Floyd was into the data analytics before there was such a thing. He knew his percentages were much better when one of those three were in control. This isn’t a revolutionary concept to get your best scorers the ball, but Floyd took it to the extreme. He would in fact bench guys if they took shots before they passed it to one of the big three first.
The stats reflected that, Hoiberg, Meyer and Michalik combined to have 65 percent of Iowa State’s shot attempts that season. Everyone else played their role, Iowa State was markedly better on defense and rebounding than the year prior and the Cyclones made the NCAA Tournament.
This year’s Iowa State team has some similarities to Floyd’s first group, albeit without the experience. As the season has trended on, it has become evident Iowa State is best when the trio of Lindell Wigginton, Donovan Jackson and Cameron Lard are taking the most shots.
Here are the shot attempt totals in Iowa State’s four Big 12 wins and percentage of team shots:
Baylor: Wigginton (17) Jackson (10) Lard (10) Rest of team (26) = 59 percent
Texas Tech: Wigginton (13) Jackson (11) Lard (11) Rest of team (22) = 61 percent
West Virginia: Wigginton (14) Jackson (14) Lard (12) Rest of team (18) = 69 percent
Oklahoma: Wigginton (22) Jackson (11) Lard (11) Rest of team (21) = 68 percent
In those four wins, the percentage of shots the Wigginton/Jackson/Lard trio has taken is 64 percent.
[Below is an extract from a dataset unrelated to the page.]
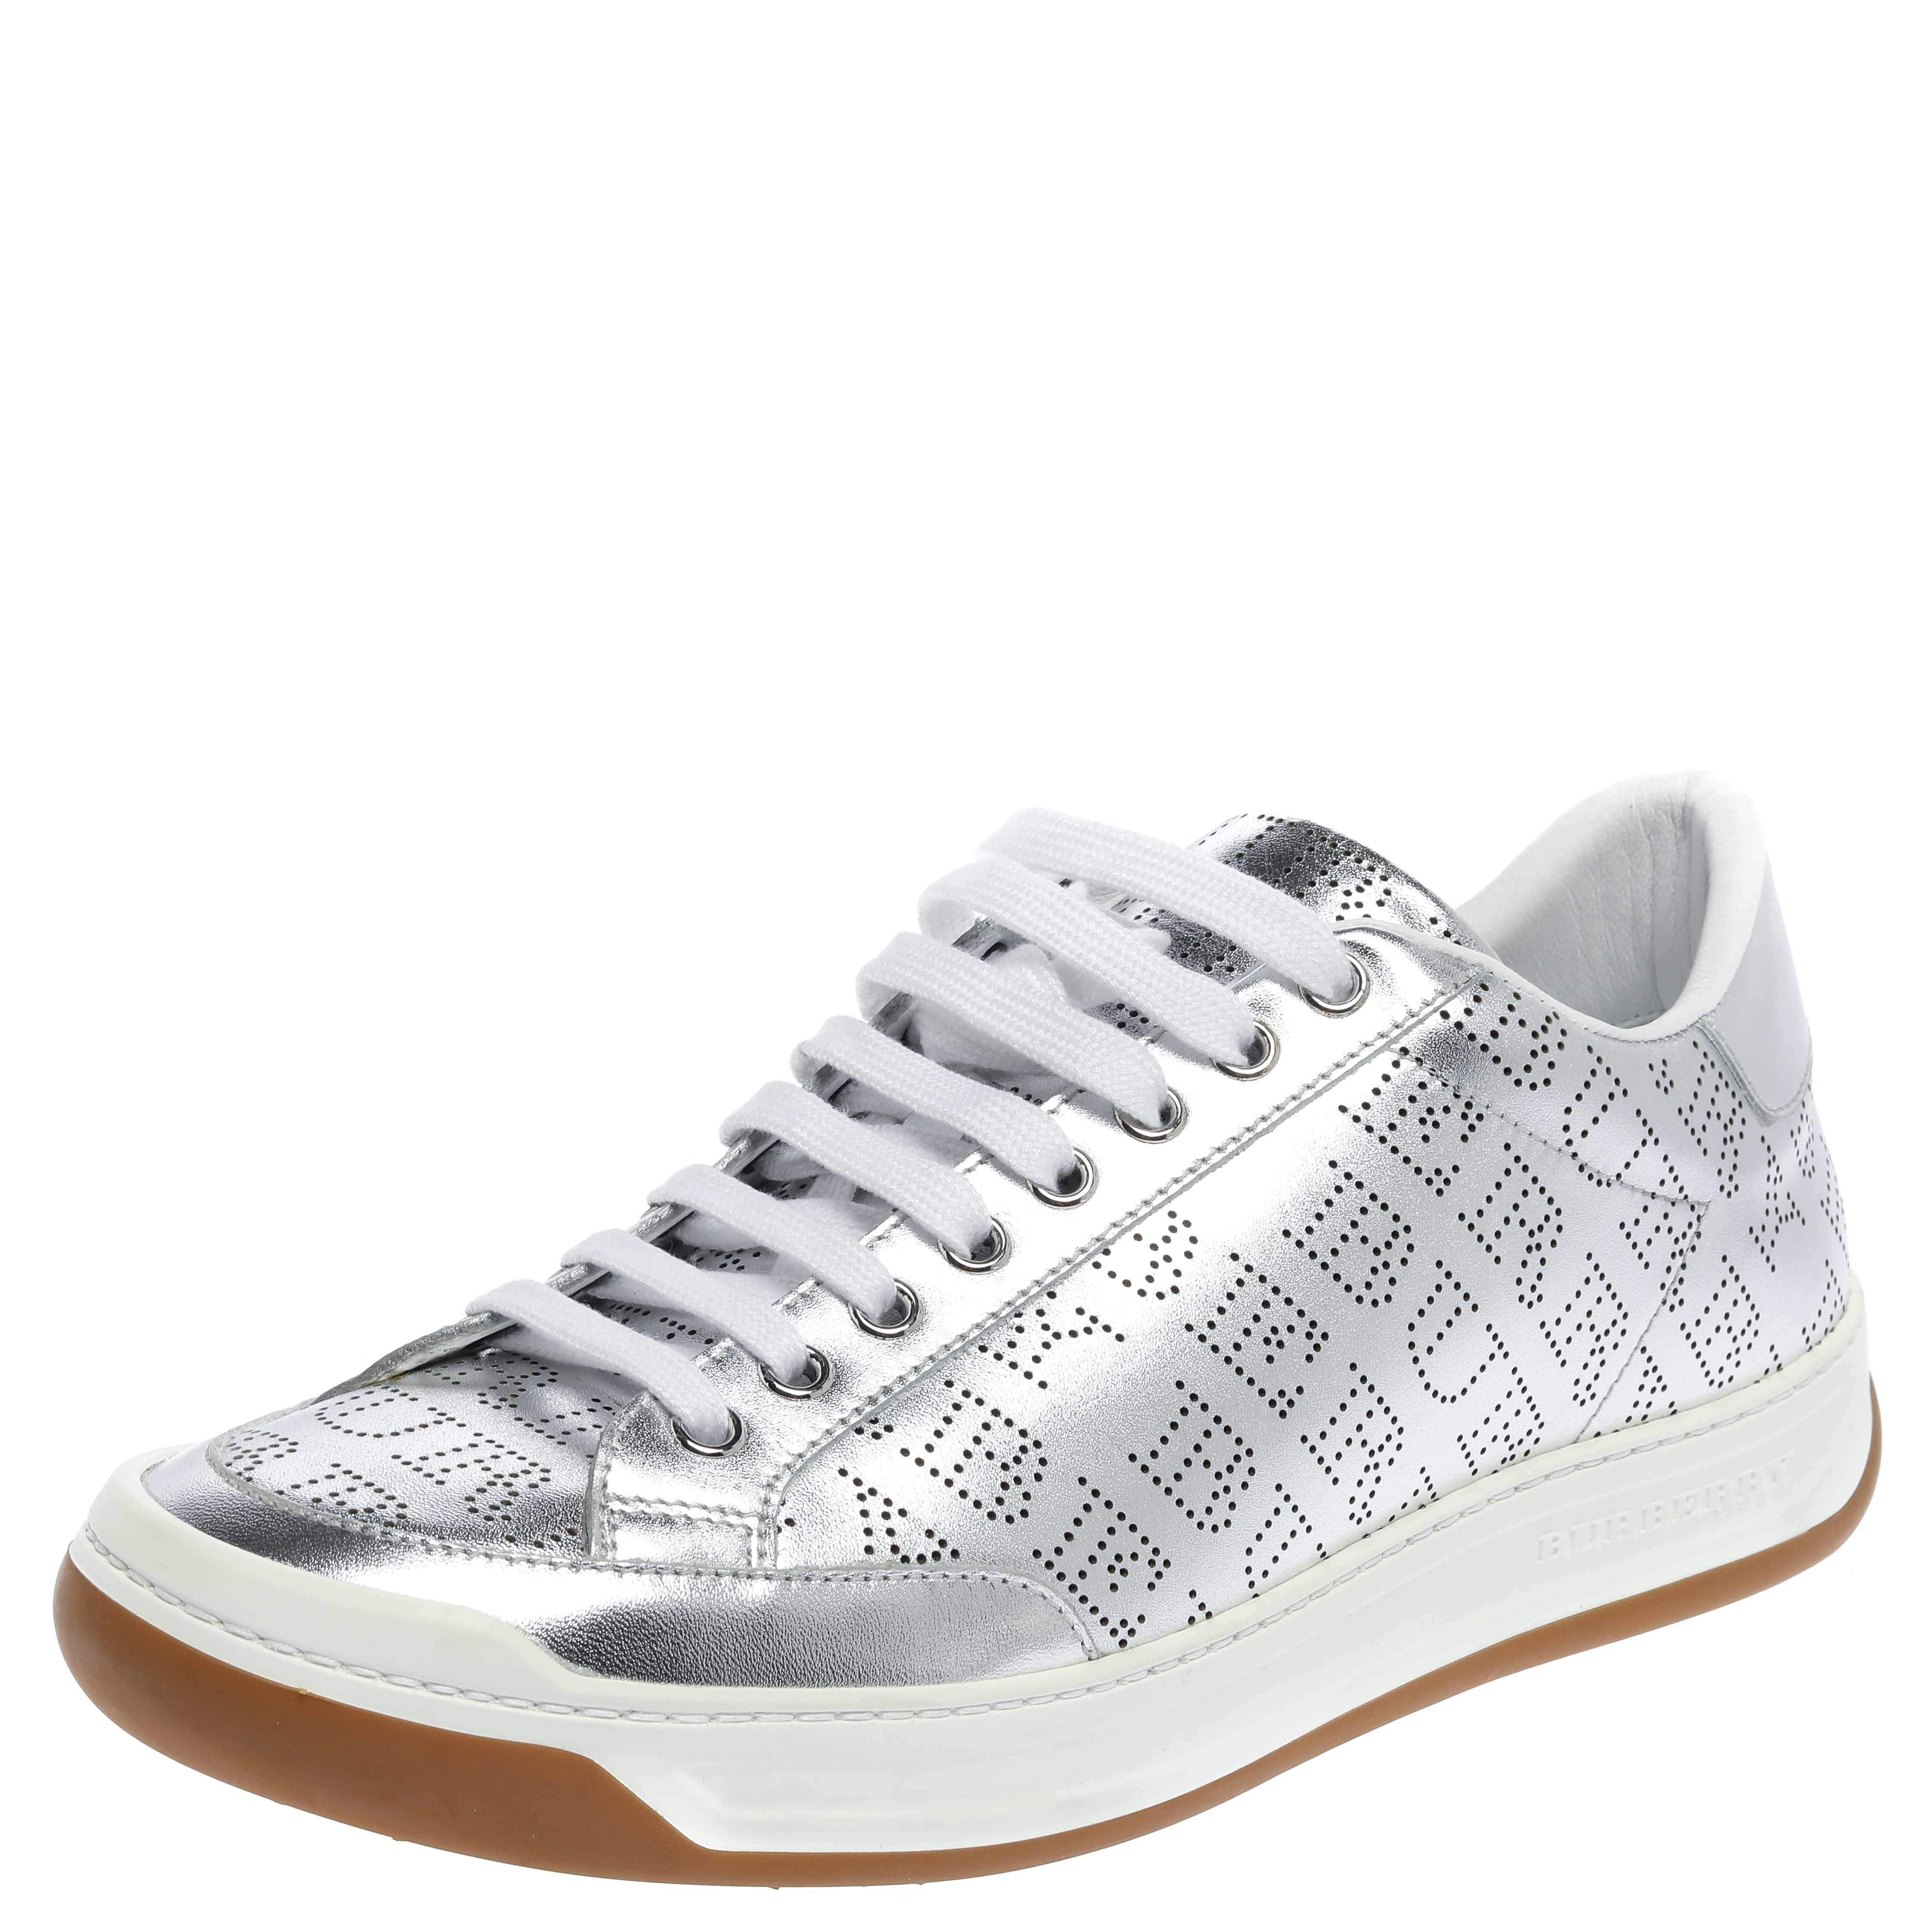 Burberry Silver Perforated Leather Timsbury Low Top Sneakers Size 41

In the eight losses, the percentage of shots the trio has taken is 54 percent.
Not coincidentally, Iowa State has averaged 81.5 points in wins, 70.5 in losses.
Keep in mind, Nick Weiler-Babb’s injury has impacted totals recently, yet in the game at Texas Tech, Zoran Talley led Iowa State in shots with 15 and Talley led all the guards in shots at Baylor with 15. Talley isn’t to blame here, but Iowa State is best when he is not the focal point of the offense.
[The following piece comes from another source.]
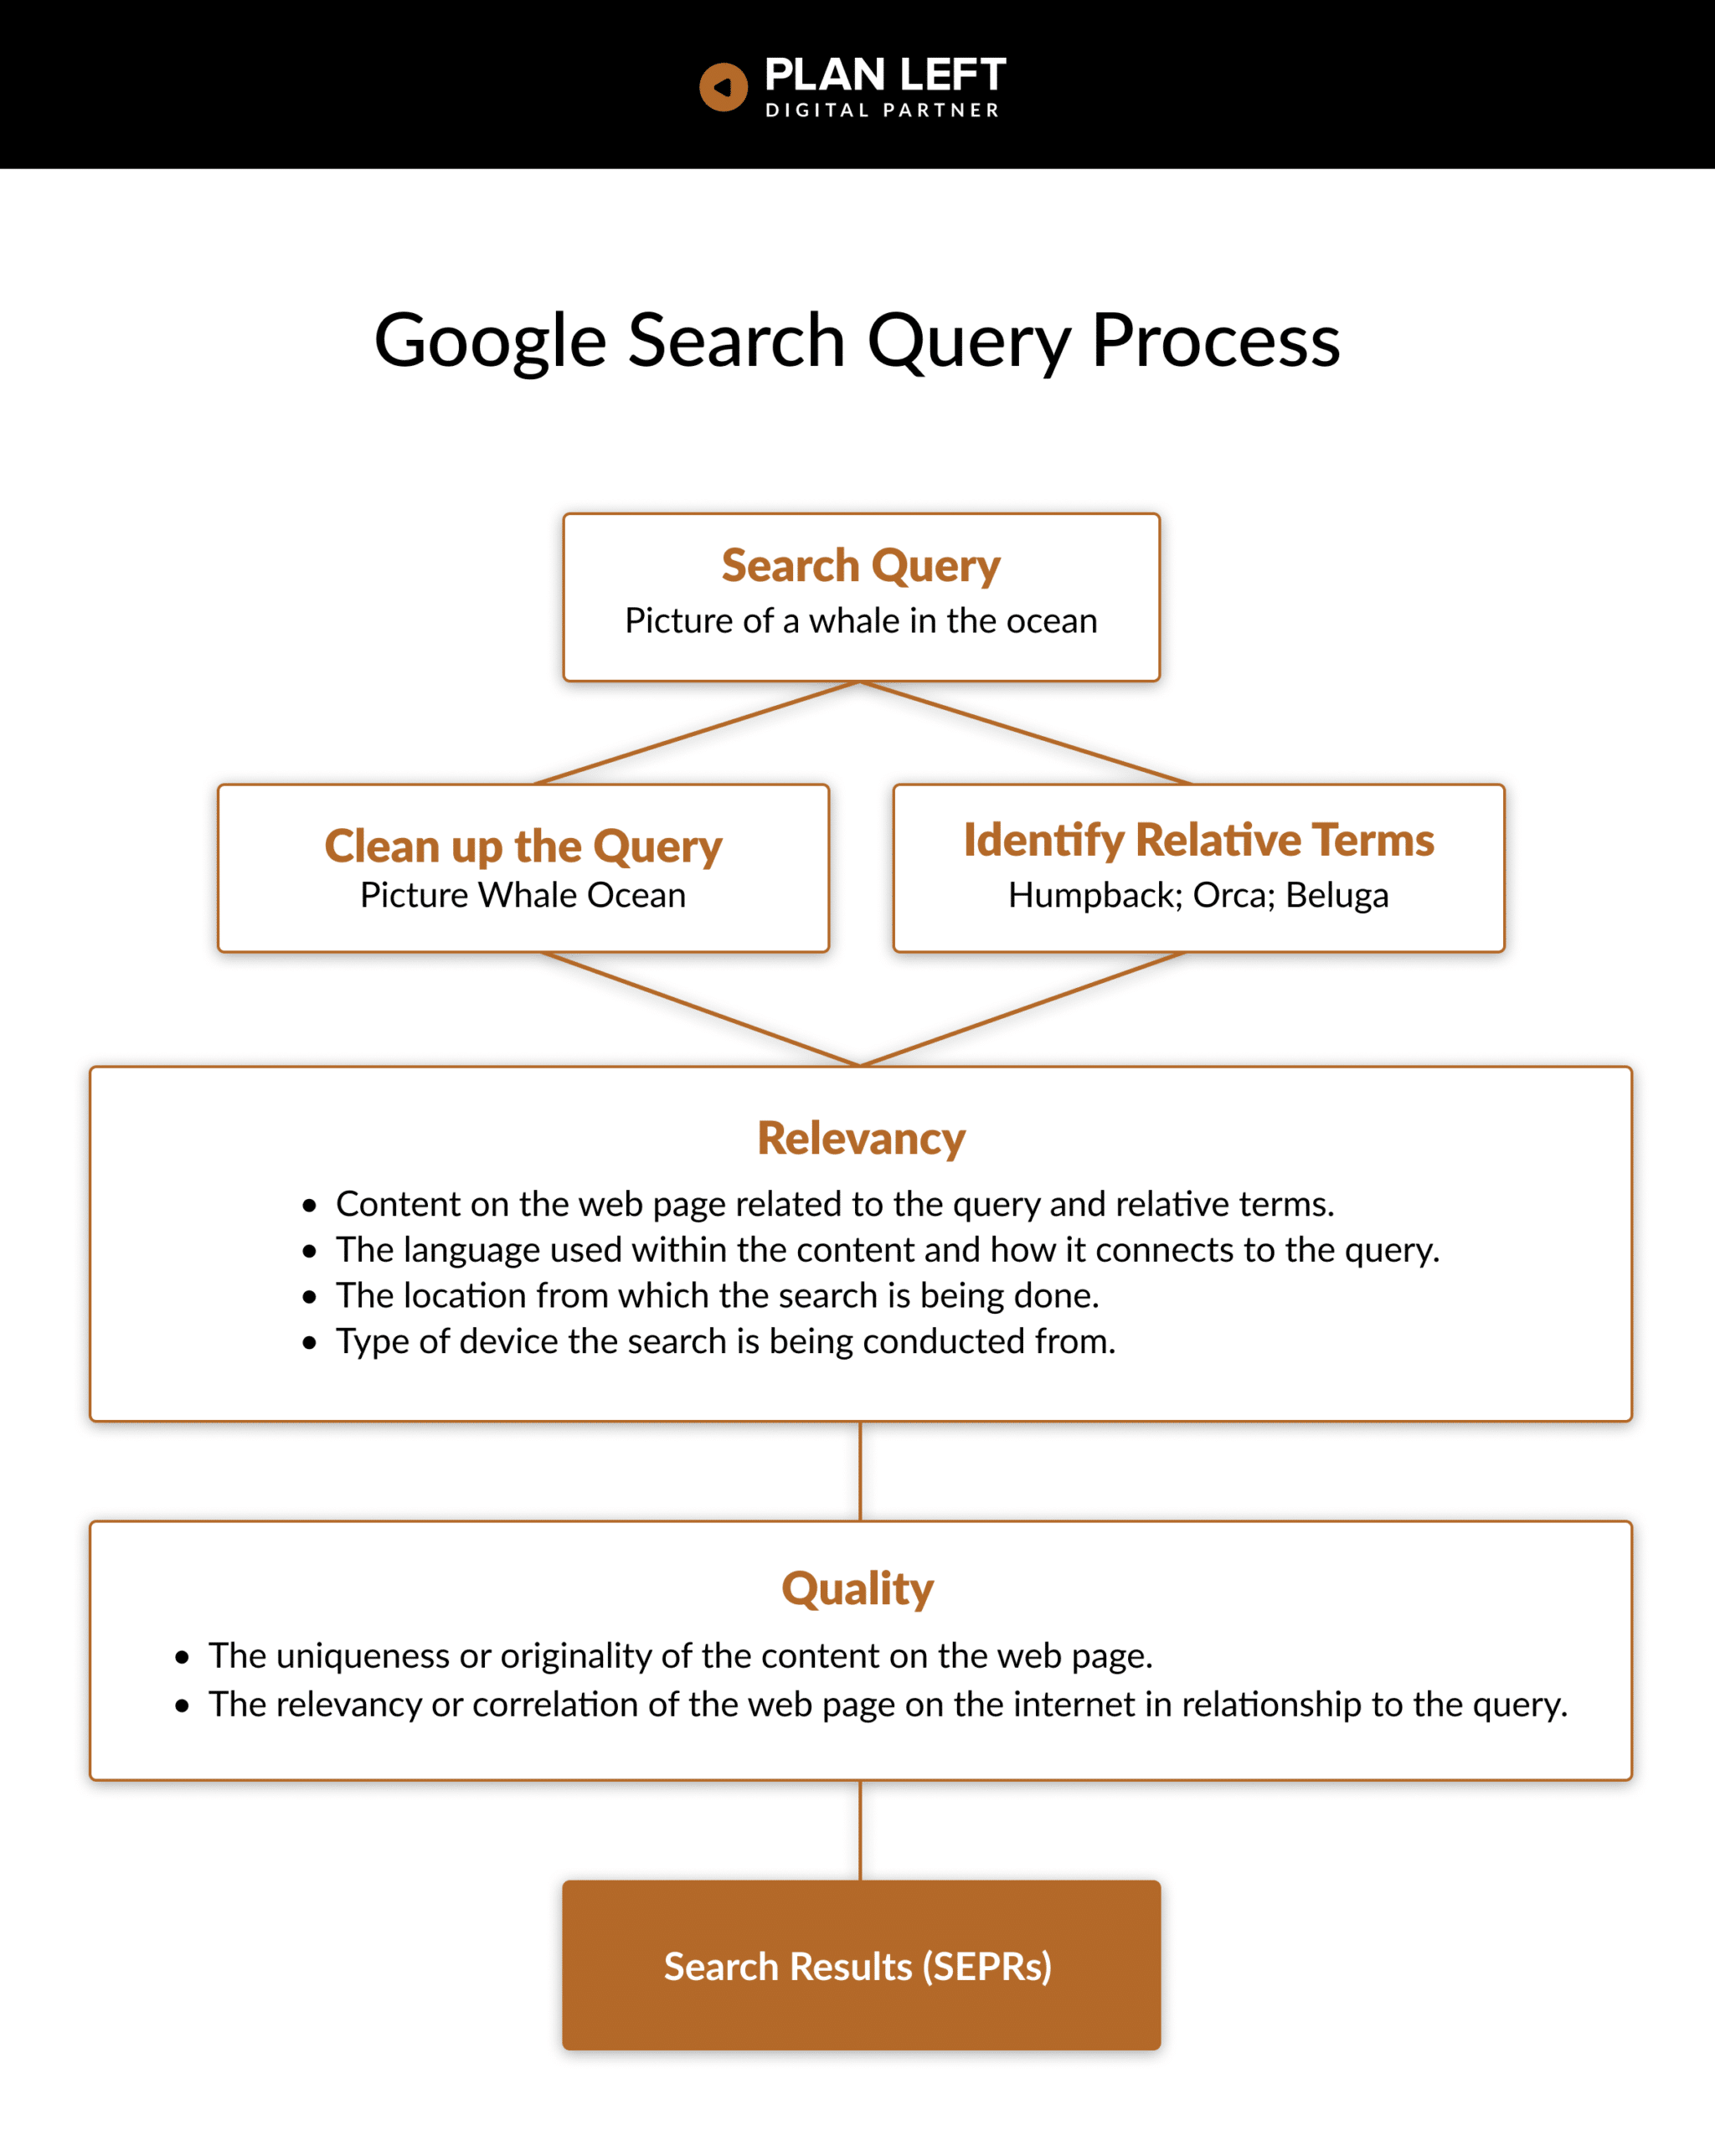 Google Search Query Process flow chart breaking down the process of how Google takes the query to Search Results.

Much like Floyd’s first team, the trio of Wigginton, Jackson and Lard have proven they are more than capable of carrying the offense. This allows the rest of the roster to concentrate on what they do best and not force low-percentage shots, which can create run-outs and issues on the other end.
Iowa State doesn’t need to implement the “Floyd rule” but continuing to find ways for the Wigginton/Jackson/Lard trio to get the ball most often is beneficial.
Oh, and Jacy Holloway, thank you for finally shooting against Kansas in the Big 8 Championship game. That was awesome.